BRIEF: In the material below, write out each line word for word and omit the pictures.

GIVEN INFORMATION:
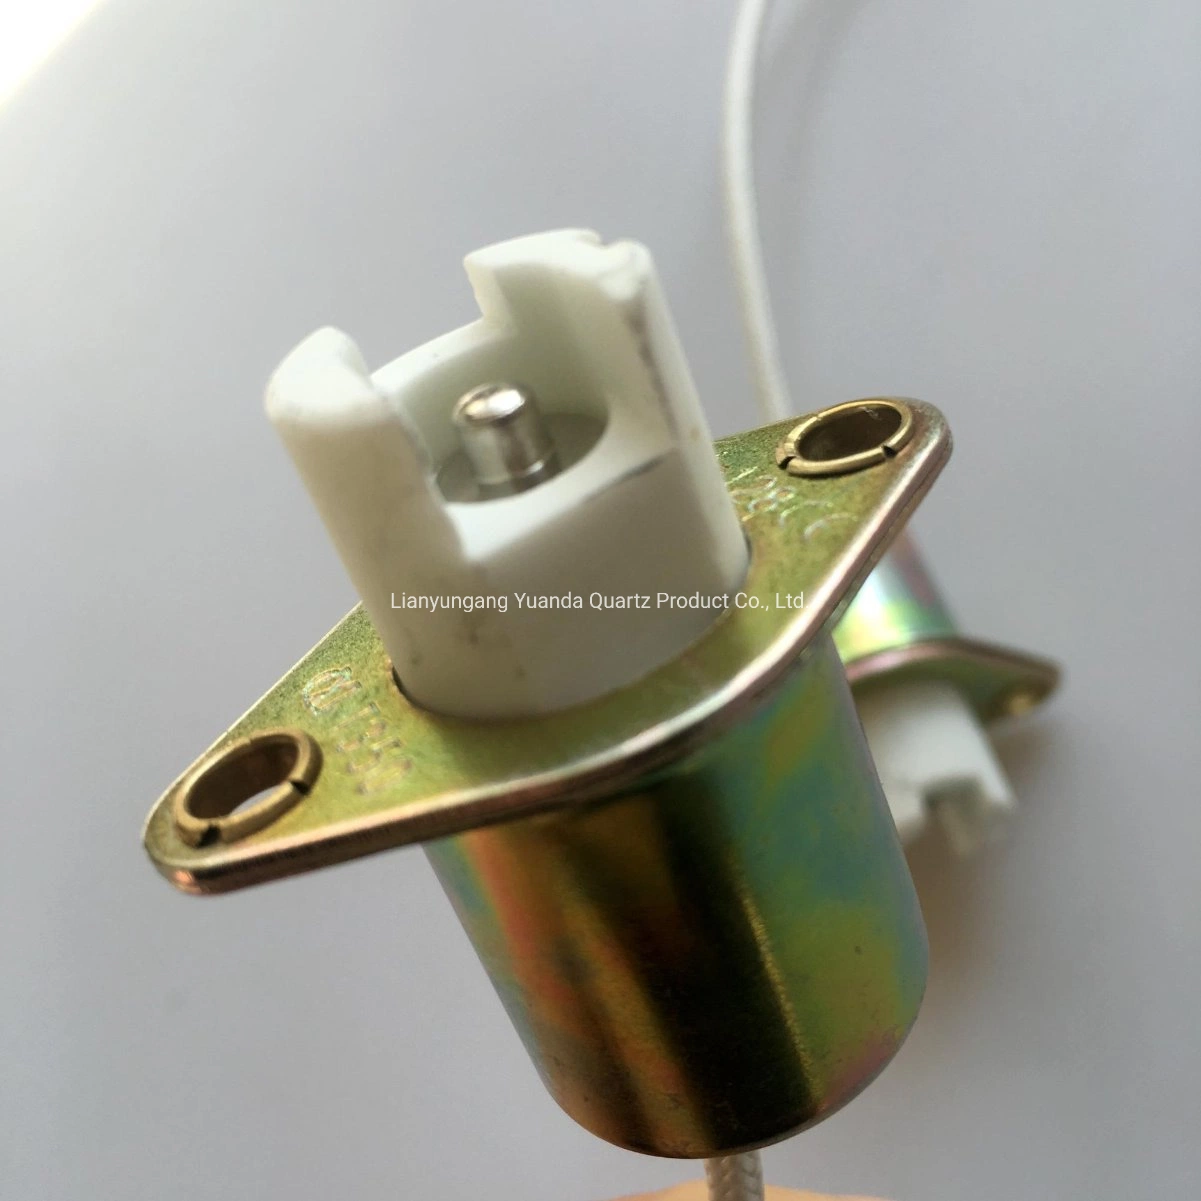 R7s Lamp Holder for Halogen Lamp R7s Lamp Holder with The Wire
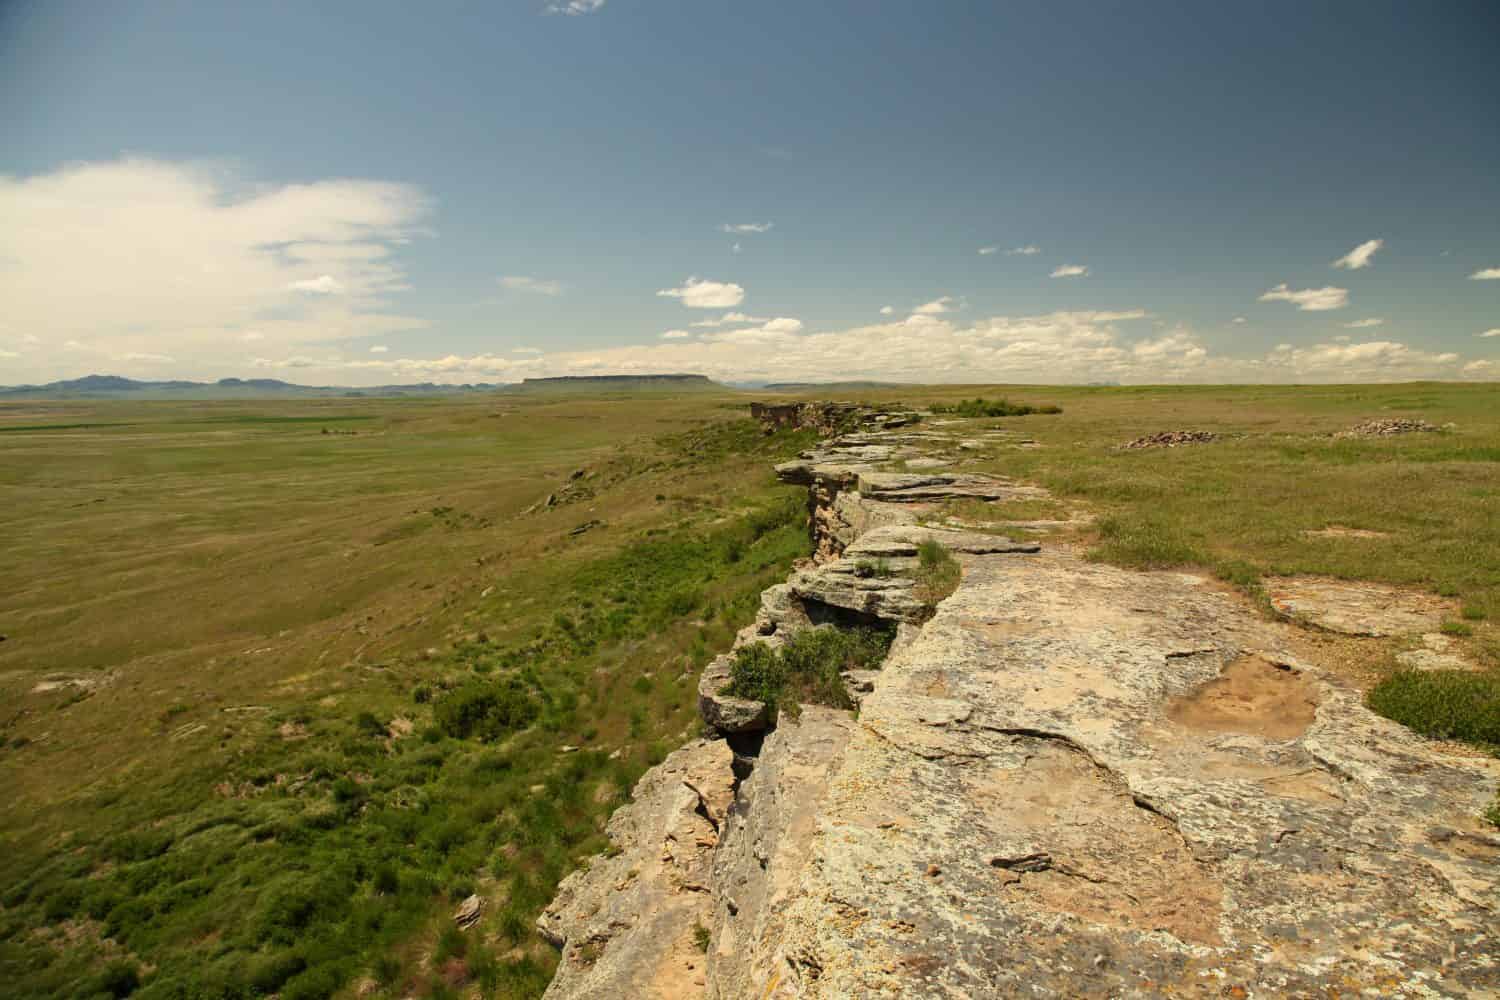 The buffalo jump hill at First Peoples Buffalo Jump State Park in Montana
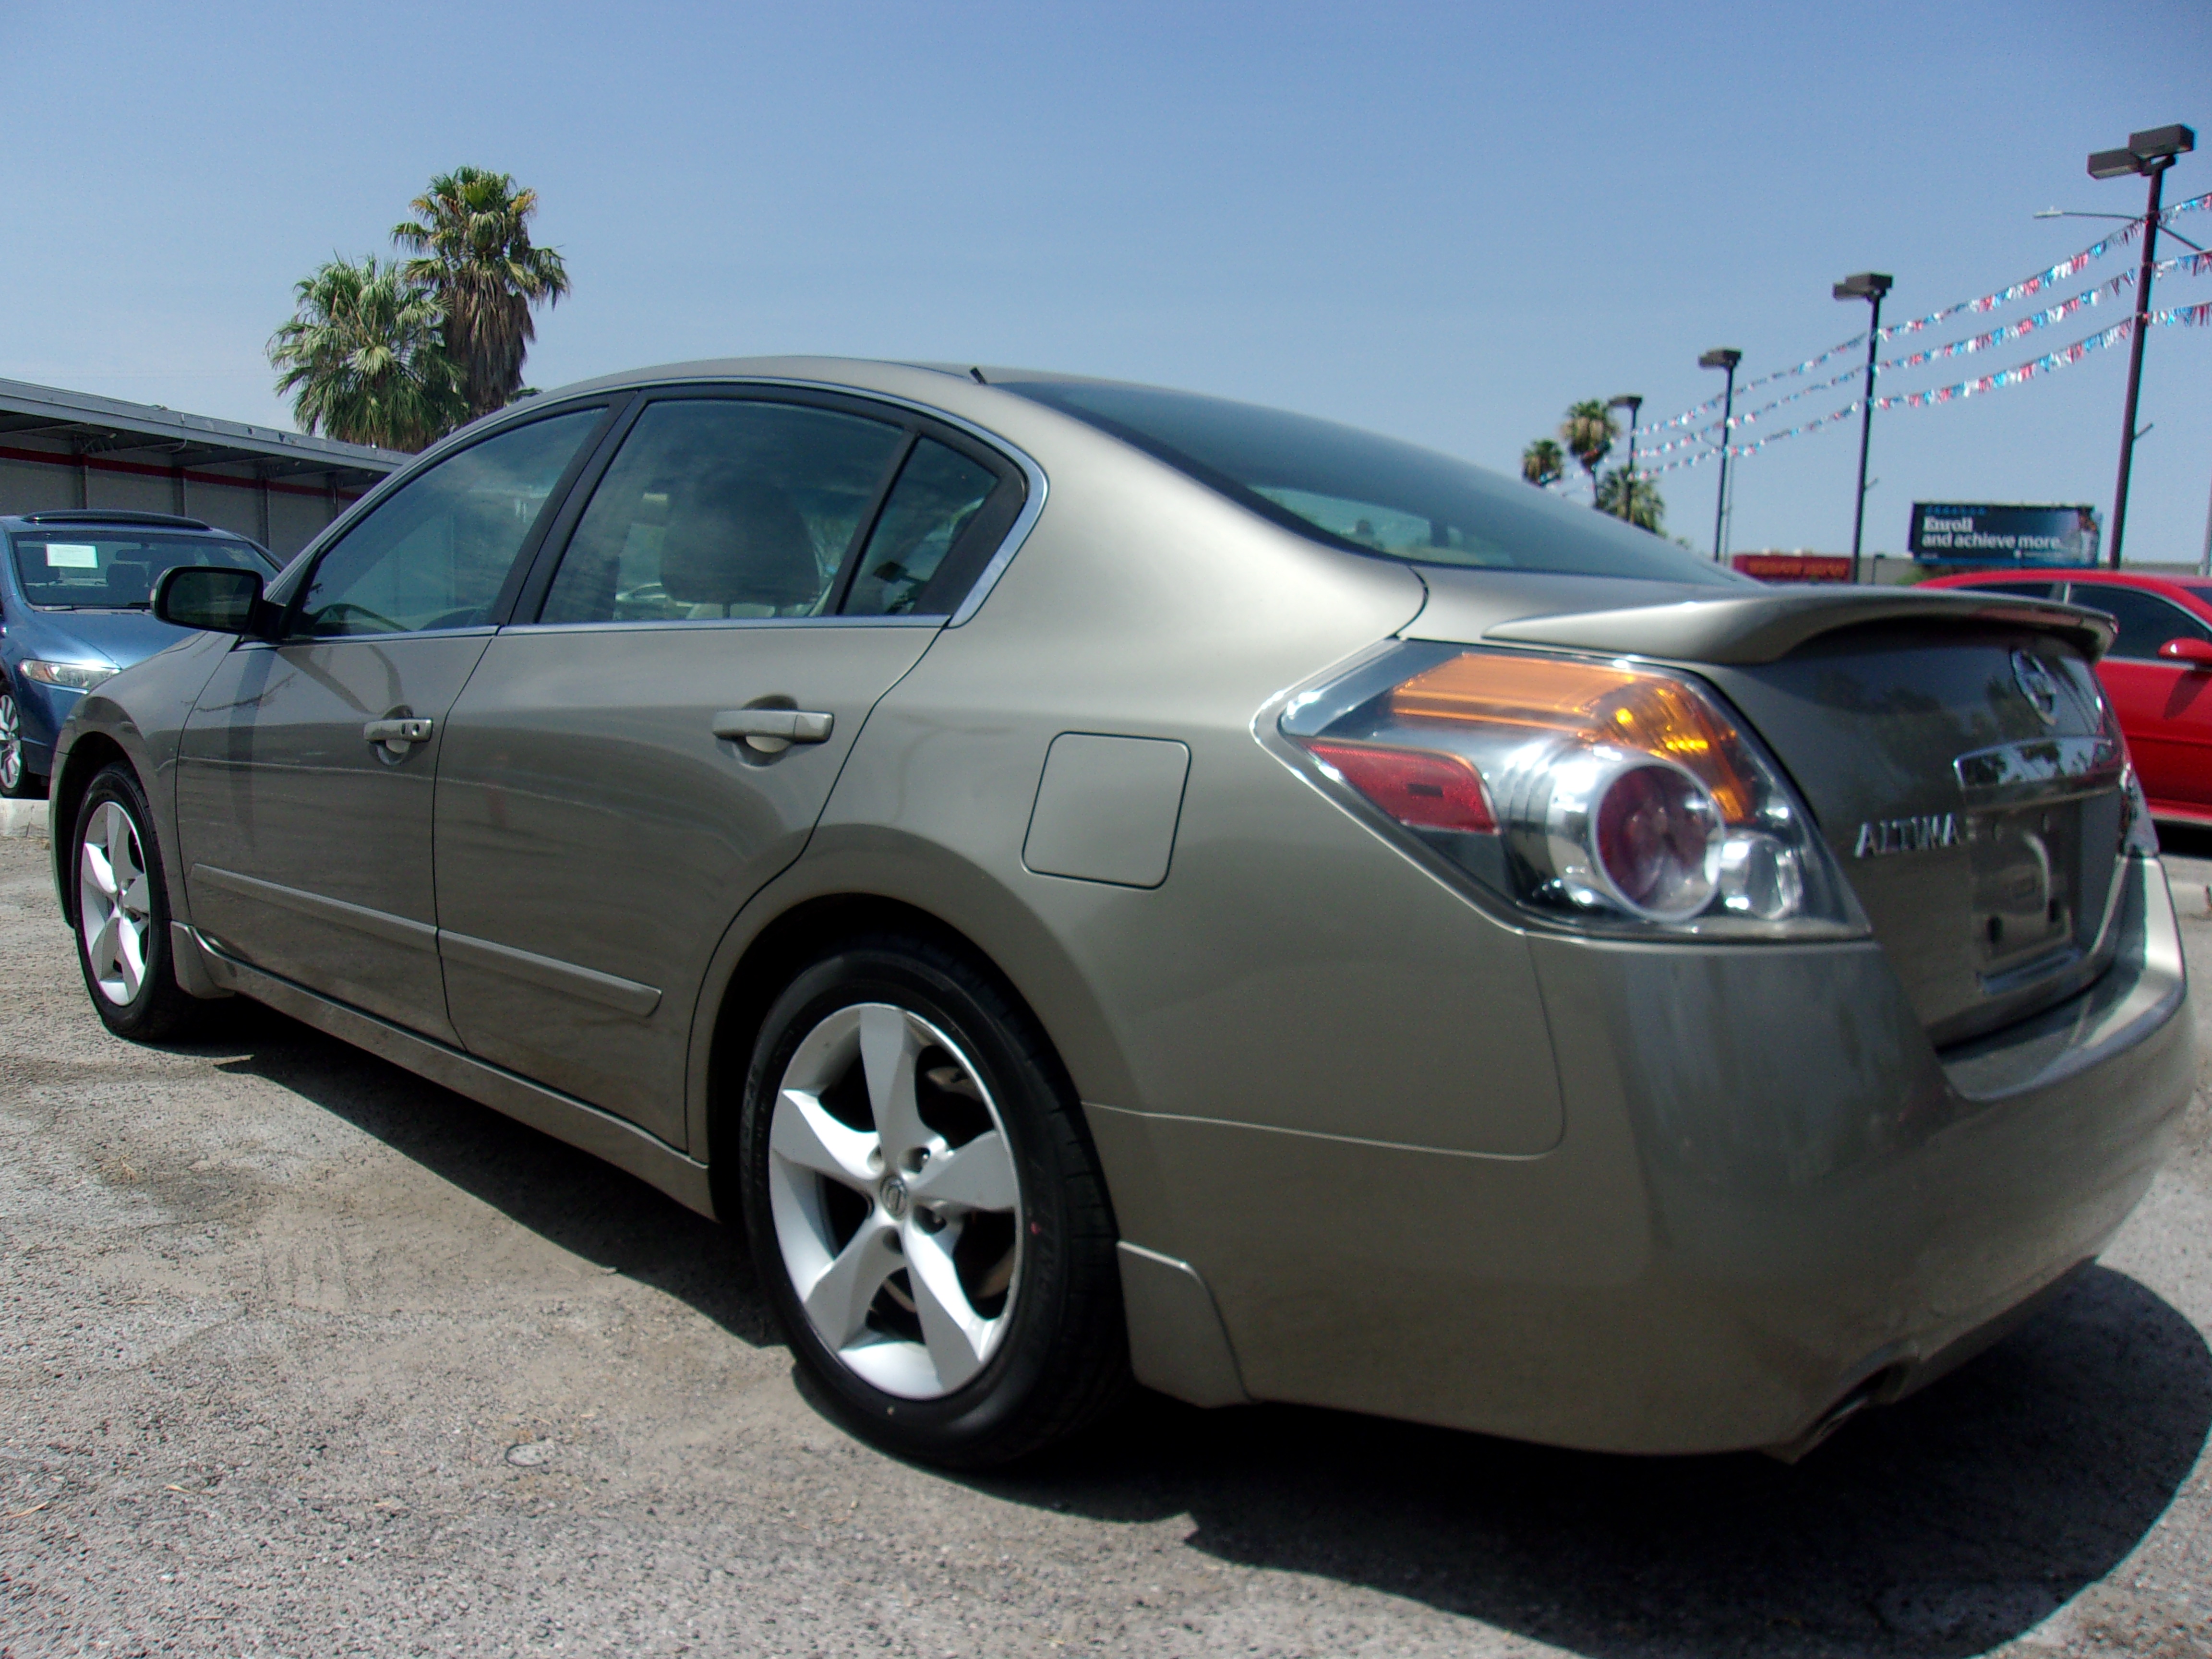 PreOwned 2007 NISSAN ALTIMA 4dr Car in Tucson S7584 Tucson Used Car

ANSWER BOX:
 R7s Lamp Holder for Halogen Lamp R7s Lamp Holder with The Wire
 The buffalo jump hill at First Peoples Buffalo Jump State Park in Montana
 PreOwned 2007 NISSAN ALTIMA 4dr Car in Tucson S7584 Tucson Used Car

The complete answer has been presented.